When evaluating the prediction error in case of using musical signals from the MAPS–MUS subset (see Figure 3) under the same recording conditions as in previous experiments (e.g., studio, jazz club, church, and concert hall), an interesting observation can be made, i.e., the difference between the prediction error of the LP and FLP models is not increasing that significantly with the length of the used memory (especially for the jazz club and church recording conditions), as was the case of using signals representing chords. Furthermore, it is obvious that the second-order LP and the FLP with two-sample memory for the shown signals perform at the same level for all four recording conditions. Similar behavior is present in the case of using orchestra music excerpts from the Orchset dataset (see Figure 4). Please note that, in Figure 3 and Figure 4, again ten characteristic frames with the length of 60 ms are shown, and that the prediction error using the second-order, third-order and fourth-order LP (black solid line) is compared to the prediction error obtained using the FLP model with two-sample, three-sample and four-sample memory (red dot-dashed line).

Here, it should be emphasized that LP and FLP models always use the same number of previous samples (two, three and four) that allows a fair comparison. Furthermore, it is important to emphasize that all FLP models show comparable performance in comparison to LP models, even though they use only two coefficients, i.e., one predictor coefficient a and one order of fractional derivative

α

, in comparison to LP models that use two, three and four predictor coefficients (based on the order of the LP predictor). Moreover, the order of fractional differentiation

α

does not have to be computed or optimized. It might be estimated as the inverse of the predictor memory, as previously shown in [21,22], resulting in only one FLP coefficient that has to be encoded and transmitted. This makes the proposed FLP significantly more efficient than LP.

5. Conclusions

Fractional linear prediction with “restricted memory” that uses two, three, and four previous samples, respectively, for audio signal prediction is discussed in this work and the closed-form expressions for the FLP predictor coefficient are derived.

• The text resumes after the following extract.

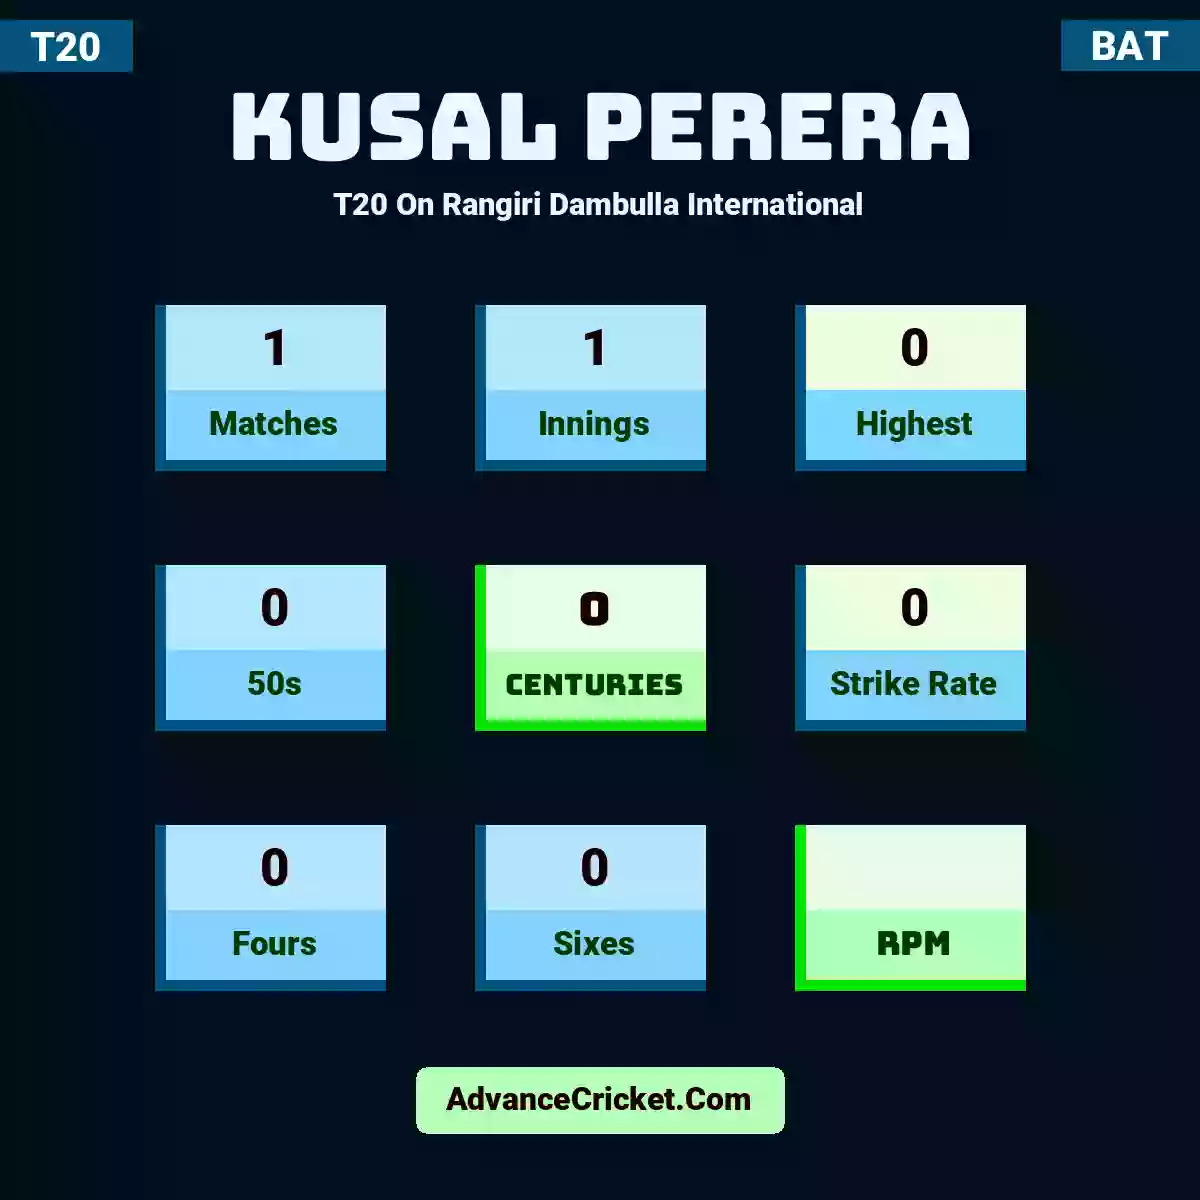 Kusal Perera T20  On Rangiri Dambulla International, Kusal Perera played 1 matches, scored 0 runs as highest, 0 half-centuries, and 0 centuries, with a strike rate of 0. K.Perera hit 0 fours and 0 sixes.

Two datasets were used for the experiments to test the performance of the model and compare it to linear prediction, i.e., MAPS dataset, which contains chords composed of randomly chosen notes, usual chords in Western music, and piano music excerpts; and Orchset dataset, which contains music excerpts, extracted from symphonies, ballets and other classical musical forms, and interpreted by symphonic orchestras.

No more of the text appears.